Your goal
Exact repetition of a range: find the line containing "DocGPT - AI Writer for Docs" and the line containing "Liverpool up to" in the material below, then repeat both and all lines between them, leaving pictures out.

Data shown
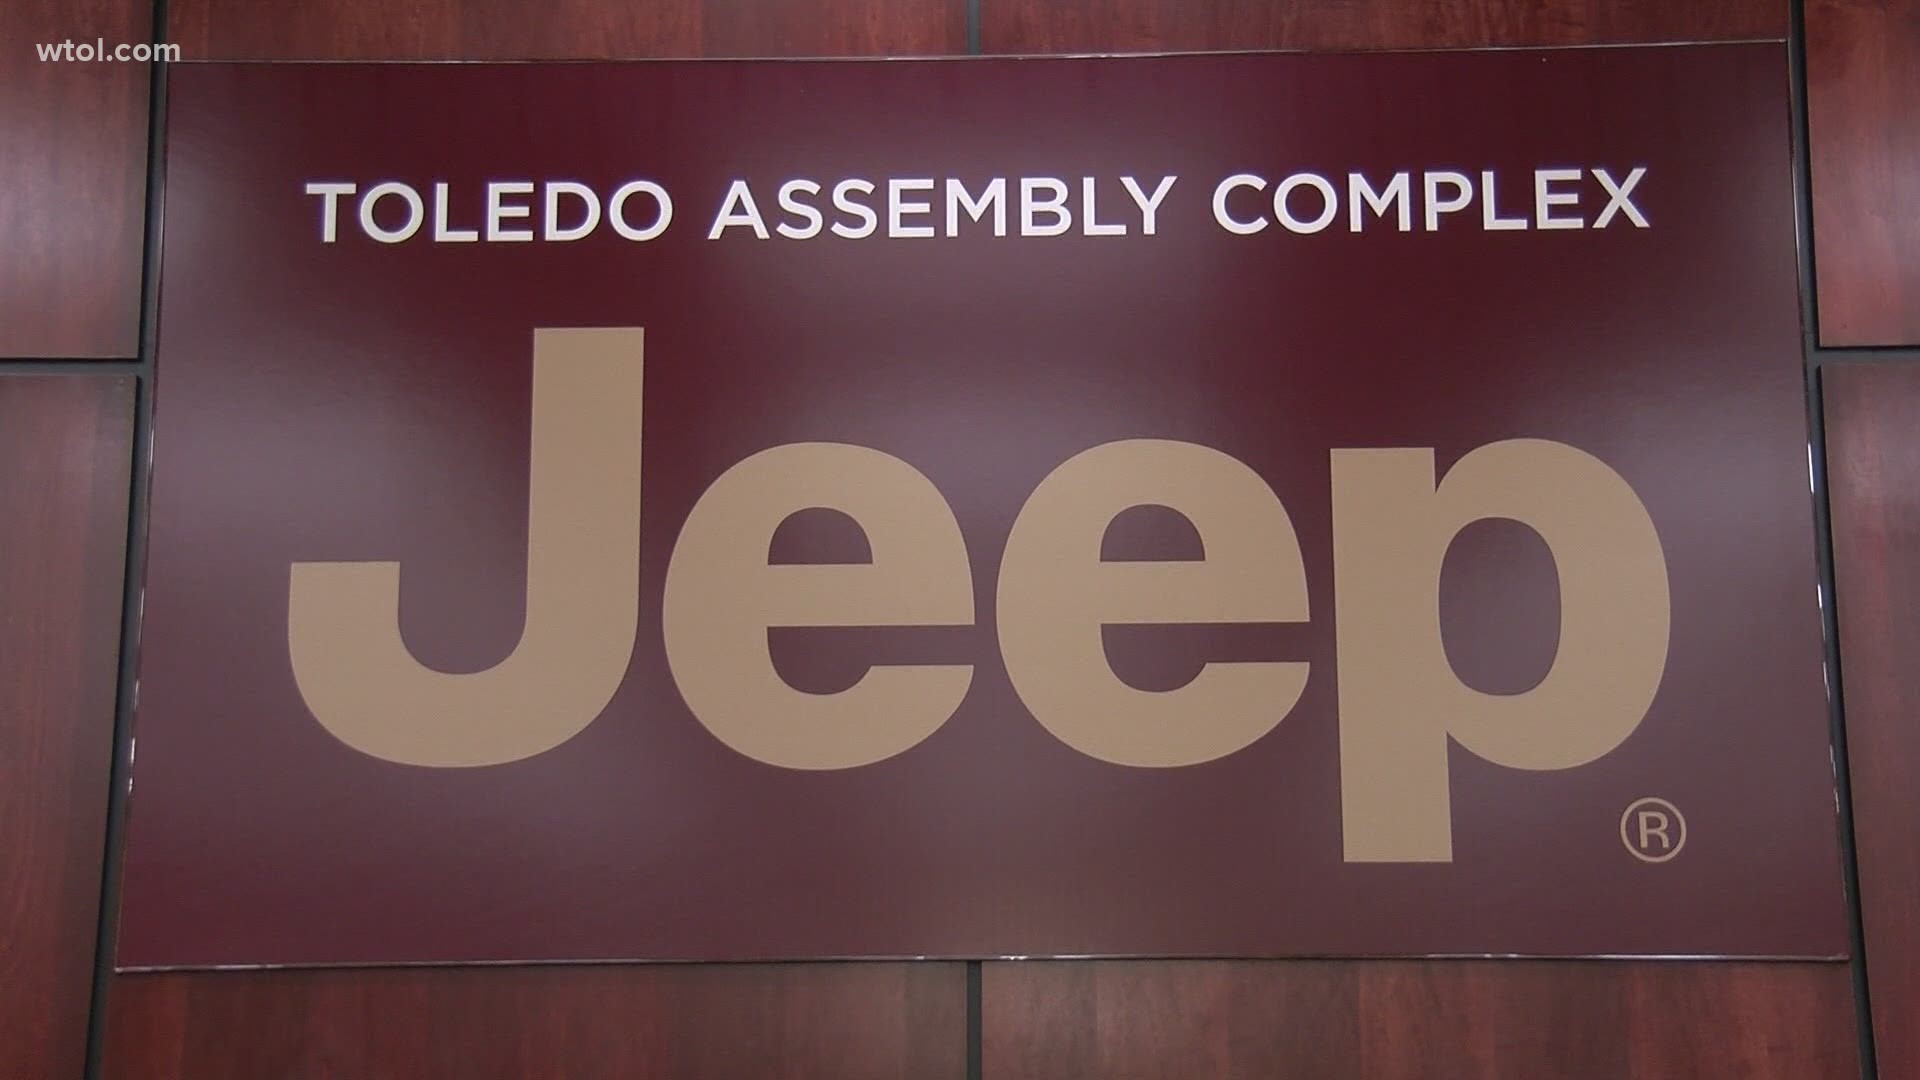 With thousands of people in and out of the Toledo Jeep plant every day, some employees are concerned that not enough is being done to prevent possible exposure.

...

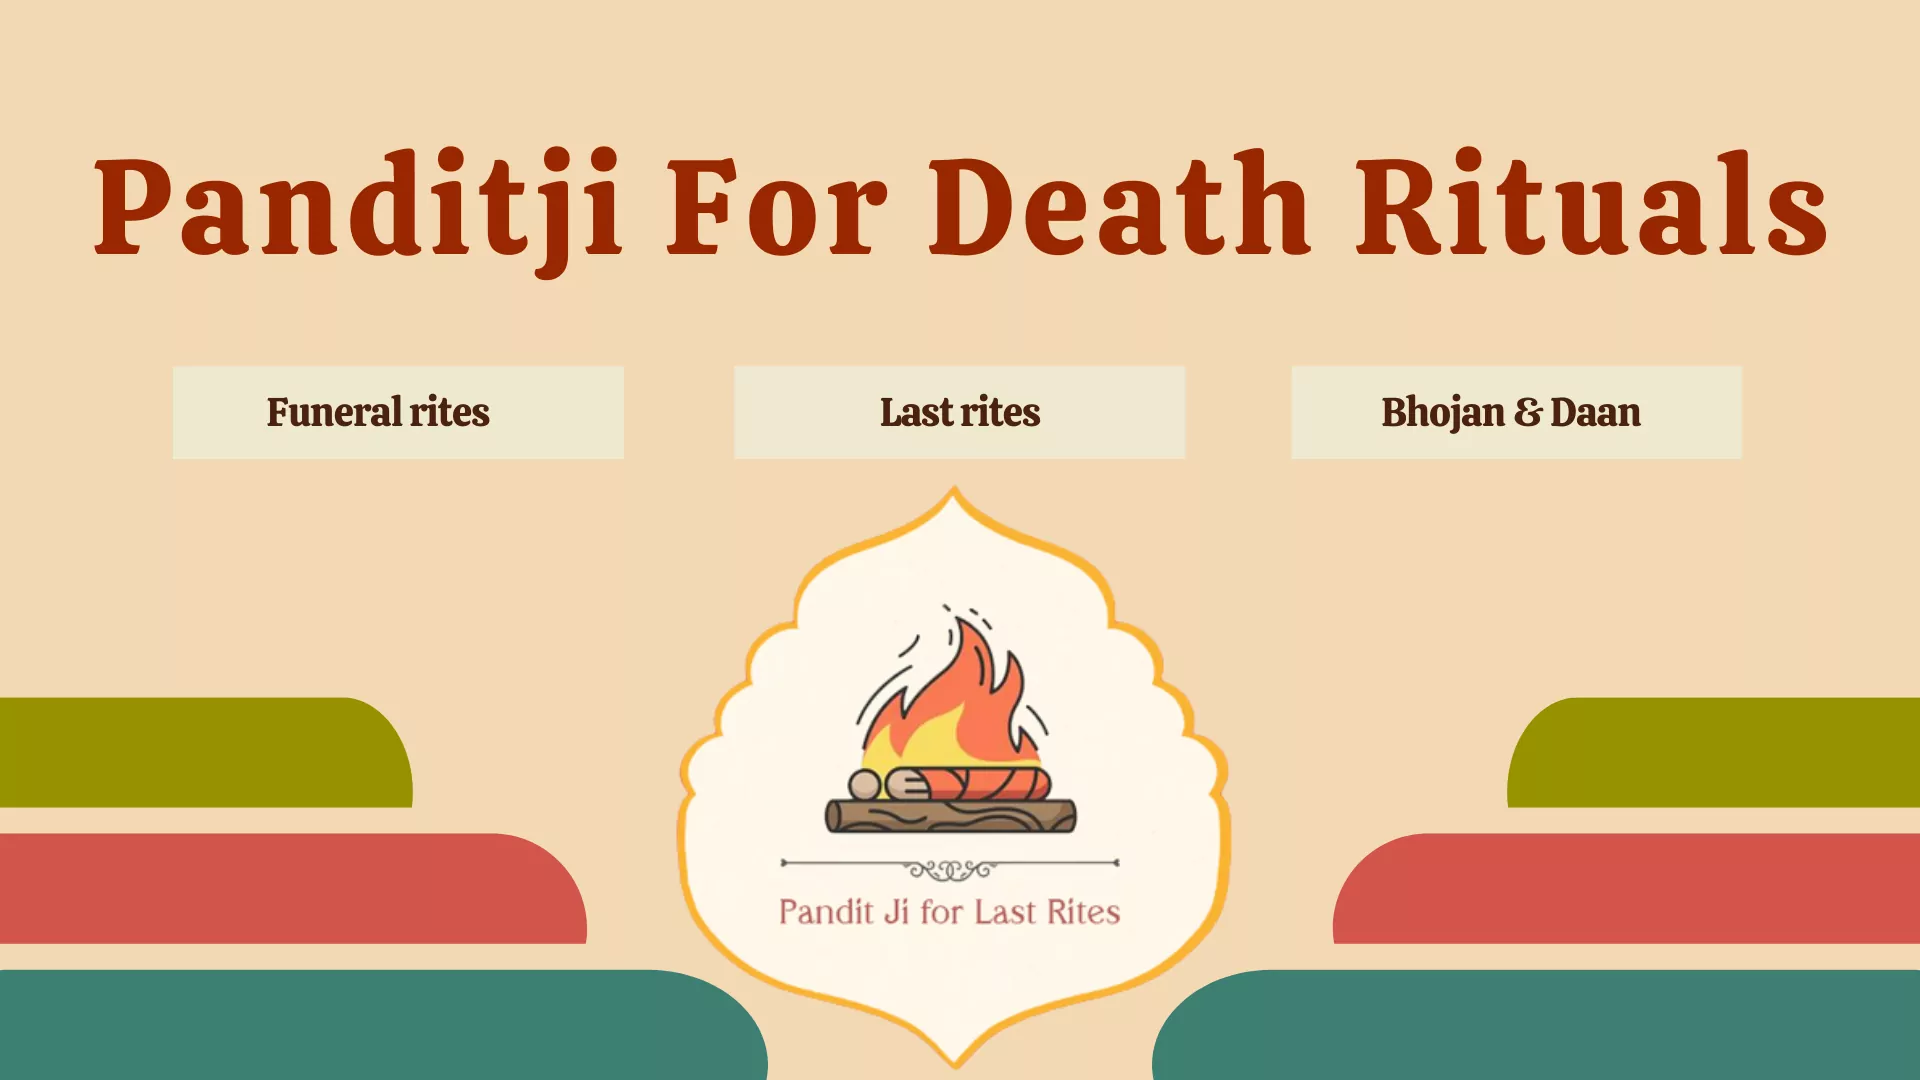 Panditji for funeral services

...

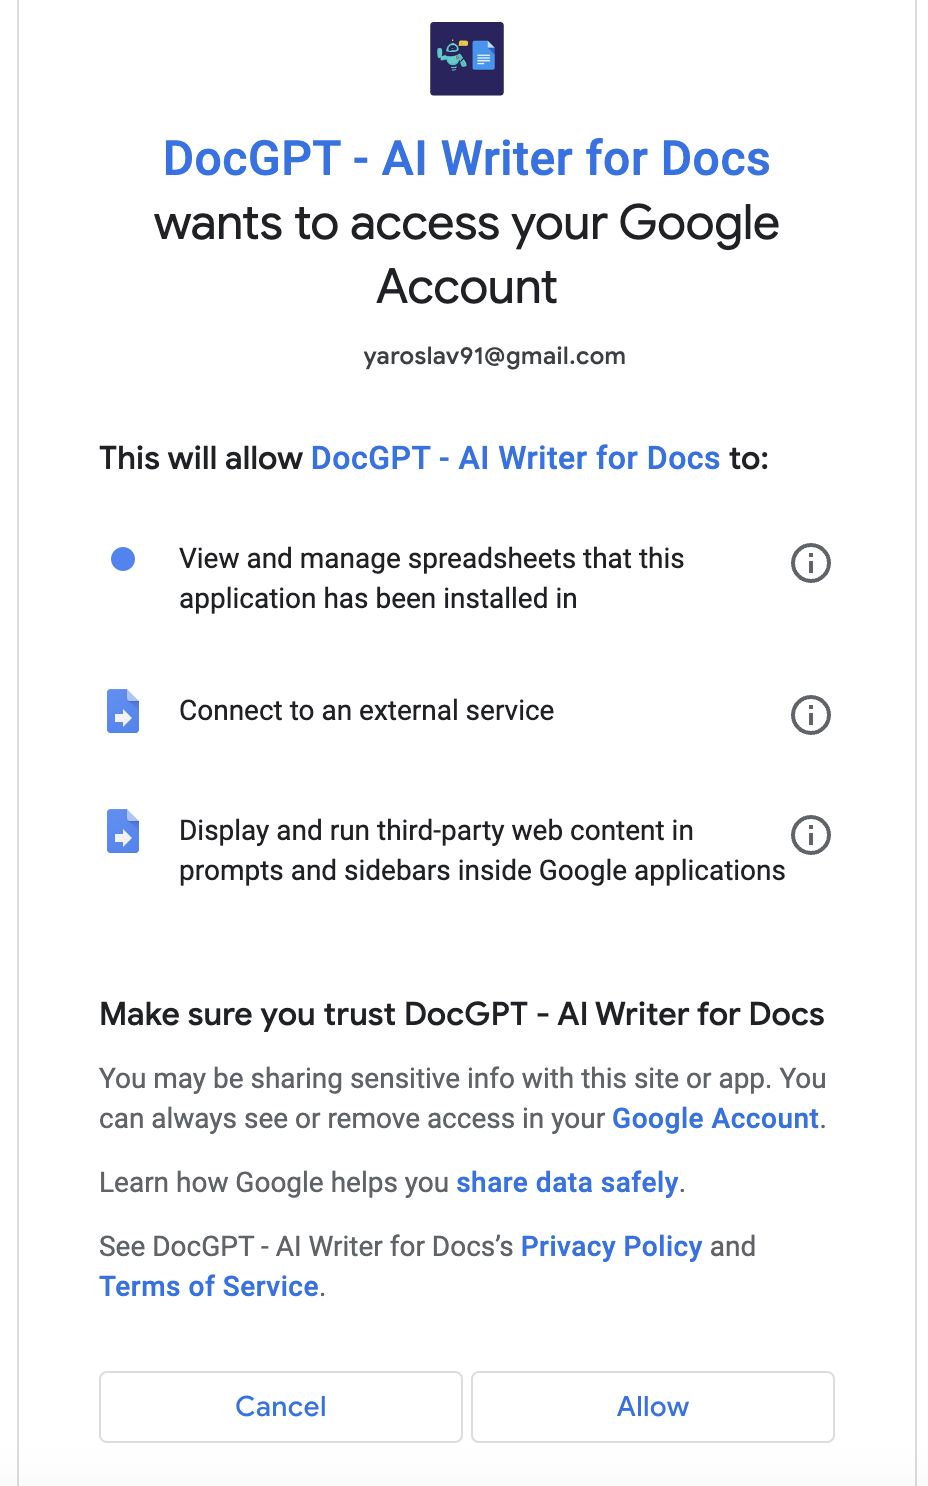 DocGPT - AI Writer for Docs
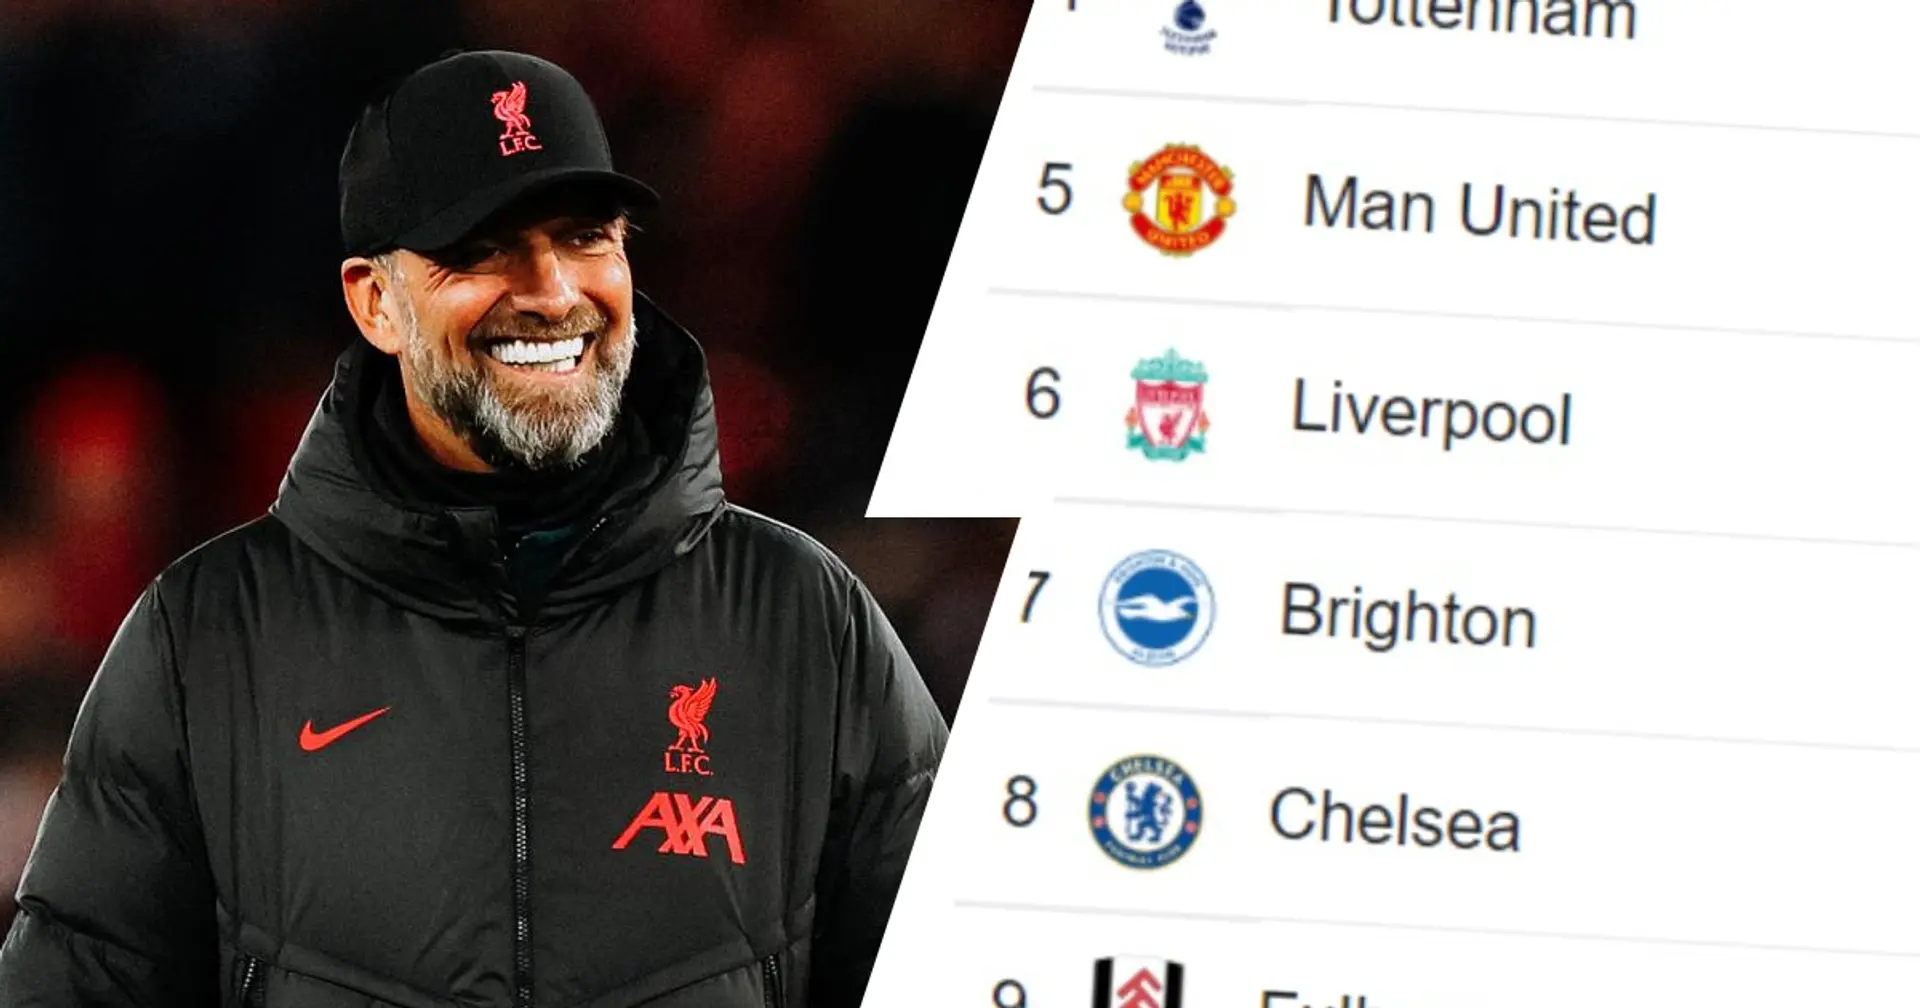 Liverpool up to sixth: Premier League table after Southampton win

Task solution
 DocGPT - AI Writer for Docs
 Liverpool up to sixth: Premier League table after Southampton win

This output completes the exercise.